Material and Methods

Subjects

We completely sequenced 50 haplogroup E mtDNAs: 25 from 9 locations throughout Indonesia/East Malaysia, 9 from 4 locations in the Philippines, 14 from 8 aboriginal groups in Taiwan (including several who no longer speak Austronesian languages), and 2 from the north coast of Papua New Guinea (PNG). Samples were selected on the basis of hypervariable segment I (HVS-I) control region variation and the results of restriction typing for diagnostic sites. Haplogroup E includes an HVS-I motif with transitions at positions 16223, 16362, and 16390 with respect to the reference sequence (Andrews et al. 1999); in addition, we tested for the diagnostic loss of restriction site −7598 HhaI in the coding region. We also sequenced 3 “pre-M9a” lineages identified on the basis of control region polymorphisms at nucleotide positions (nps) 16234 and 16362 shared with M9a. The human DNA samples used in the UK were anonymized unlinked samples in accordance with UK ethical guidelines, and the work was approved by the University of Leeds, Faculty of Biological Sciences Ethics Committee. The Taiwan samples were collected with the informed consent of the subjects and the work approved by the Human Experiment Committee of the Mackay Memorial Hospital of Taipei.

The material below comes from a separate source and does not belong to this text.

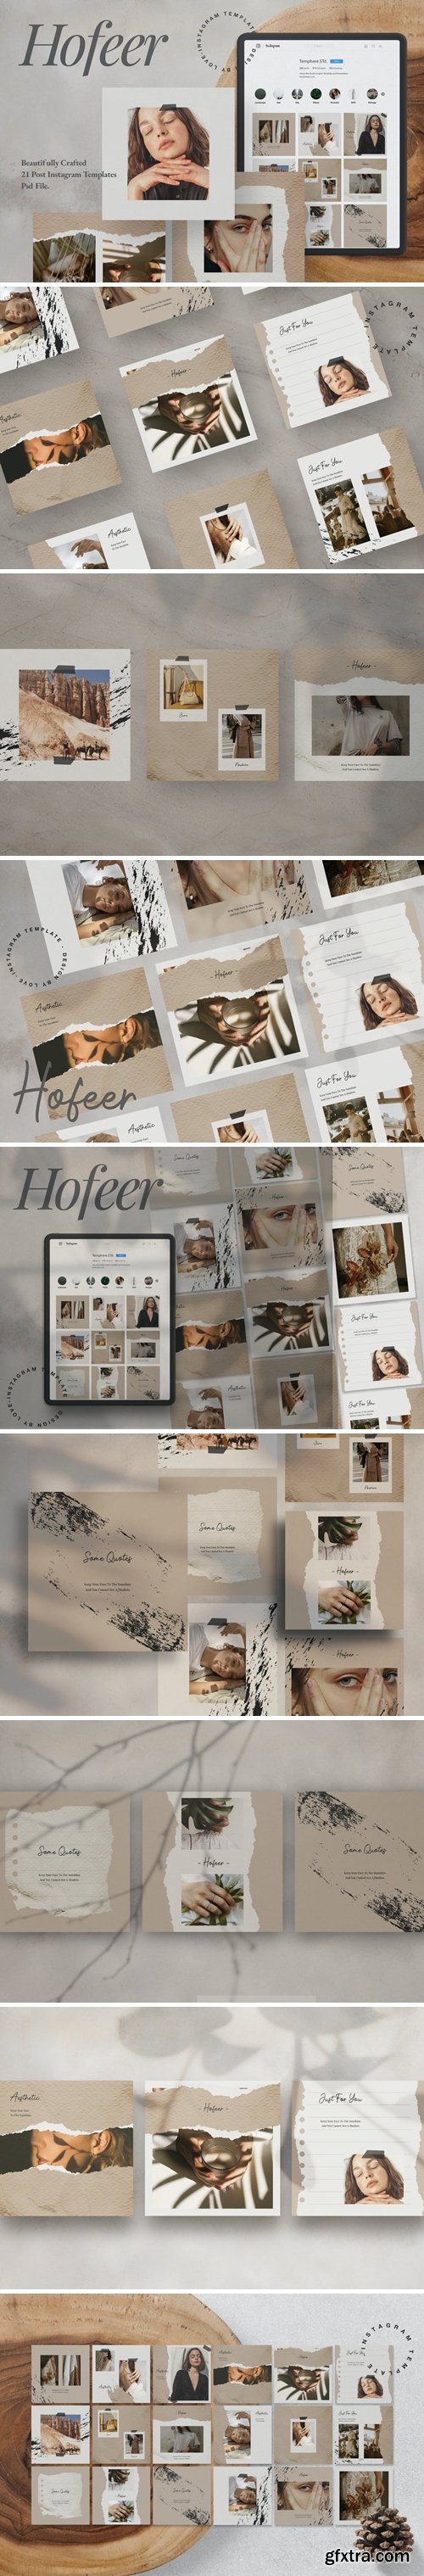 Hofeer Social Media Post Instagram

We included one published E sequence from the Philippines in the analysis (Ingman and Gyllensten 2003) and a further published coding region sequence for the age estimates (Herrnstadt et al. 2002); we also included a further 13 published M9a sequences (Ingman et al. 2000; Tanaka et al. 2004), an unclassified M9* sequence (diverging independently from the root of M9) previously identified in Malaysia (Macaulay et al. 2005), and an M9b sequence (Kong et al. 2006).

Sequence Analysis

We performed the complete sequencing as previously described (Torroni, Rengo, et al. 2001), either at the University of Leeds using an ABI 16-capillary 3130XL DNA Analyzer or in Taipei using an ABI 48-capillary 3730 DNA Analyzer.

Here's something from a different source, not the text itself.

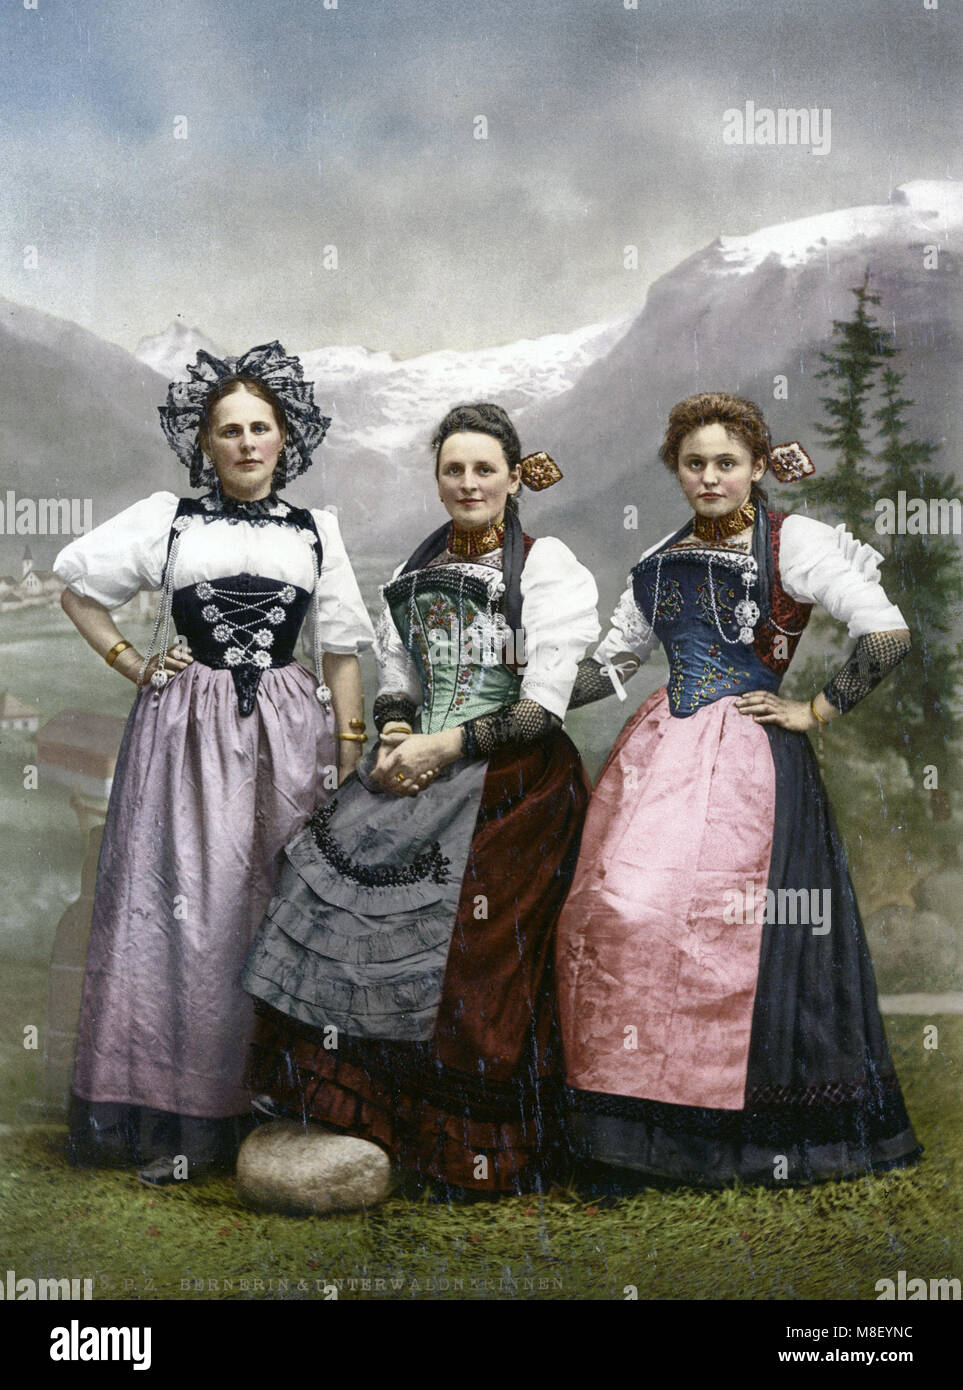 c.1890 - Switzerland - young Swiss women in traditional dress Stock Photo -  Alamy

Phylogenetic and Statistical Analyses

For the phylogenetic analysis, we used (unweighted) the reduced median (RM) network algorithm of the package Network 4.1 (Bandelt et al. 1995), with all characters included with the exception of size differences in the polyC tracts at positions 309 and 315. A previously published M9* sequence from Malaysia (Macaulay et al. 2005) served as a suitable outgroup, and the RM network equates to the single most parsimonious tree in this case with the exception of a handful of characters. These are 3 fast-evolving control region characters, at positions 153, 16390, and 16519, which generate reticulations in the RM network. In the E2a clade, the positions 16185 and 5460 also generated a reticulation. The mutation at position 16185 appears independently far less frequently than that at 5460 in a database of ∼2,000 complete sequences, so we assumed a single event at this site in E2a.

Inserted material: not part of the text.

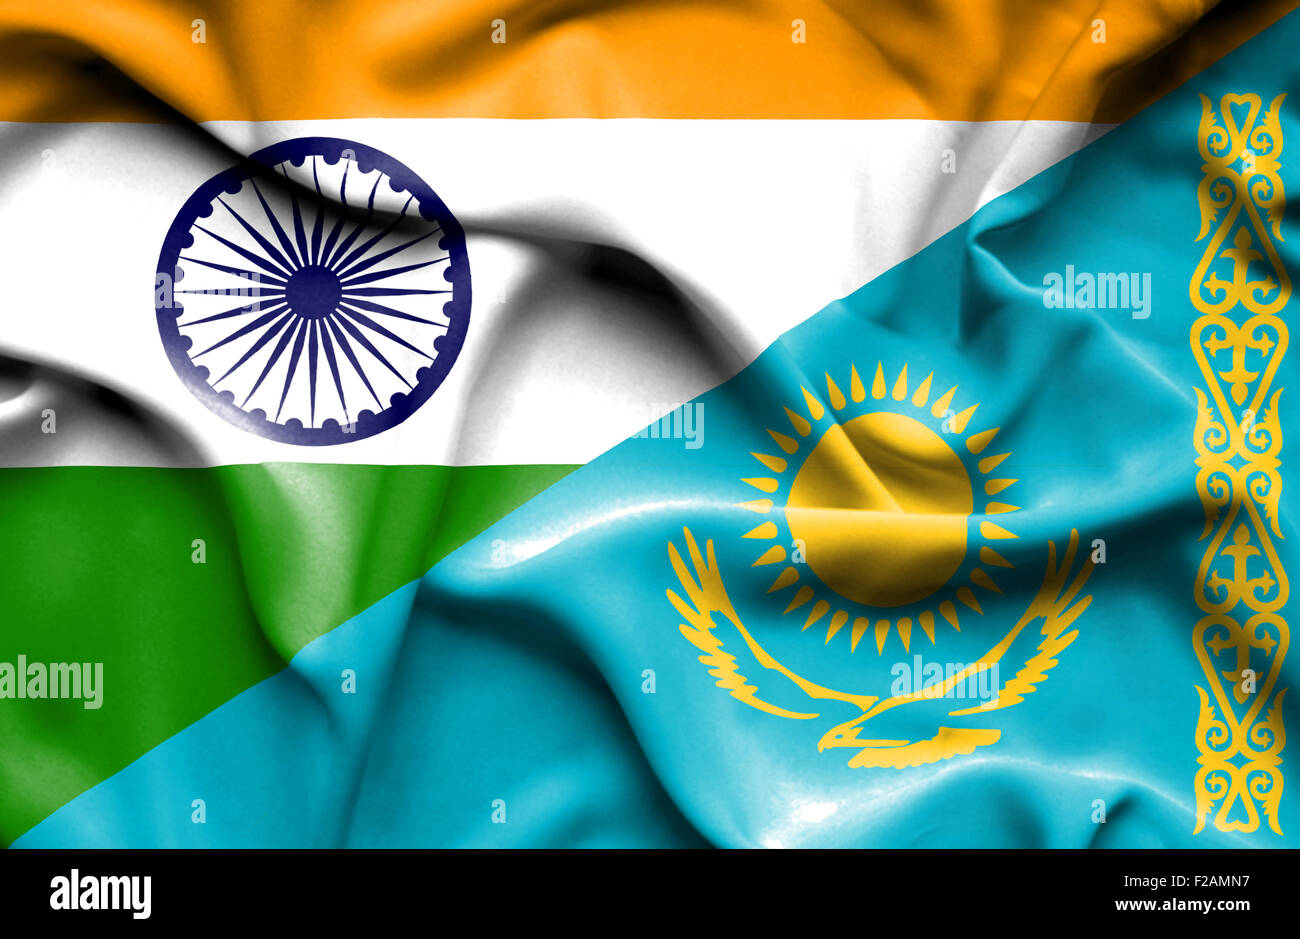 Waving flag of Kazakhstan and Stock Photo

Time depths were estimated from the more slowly evolving coding region of the molecule between nps 577 and 16023. We obtained the time estimates by converting the averaged distance (ρ) of the haplotypes of a clade from the respective root haplotype, accompanied by a heuristic estimate of standard error, σ, following Saillard et al. (2000). We also obtained maximum likelihood (ML) estimates from the coding region where possible (i.e., for clades defined by coding region mutations), using PAML 3.13 (Yang 1997), assuming the HKY85 mutation model with gamma-distributed rates (approximated by a discrete distribution with 32 categories). We converted ρ in the coding region and mutational distance in ML to time using a mutation rate estimate of 1.26 × 10⁻⁸ base substitutions per nucleotide per year, corresponding to one substitution per 5,140 years in the coding region (Mishmar et al. 2003).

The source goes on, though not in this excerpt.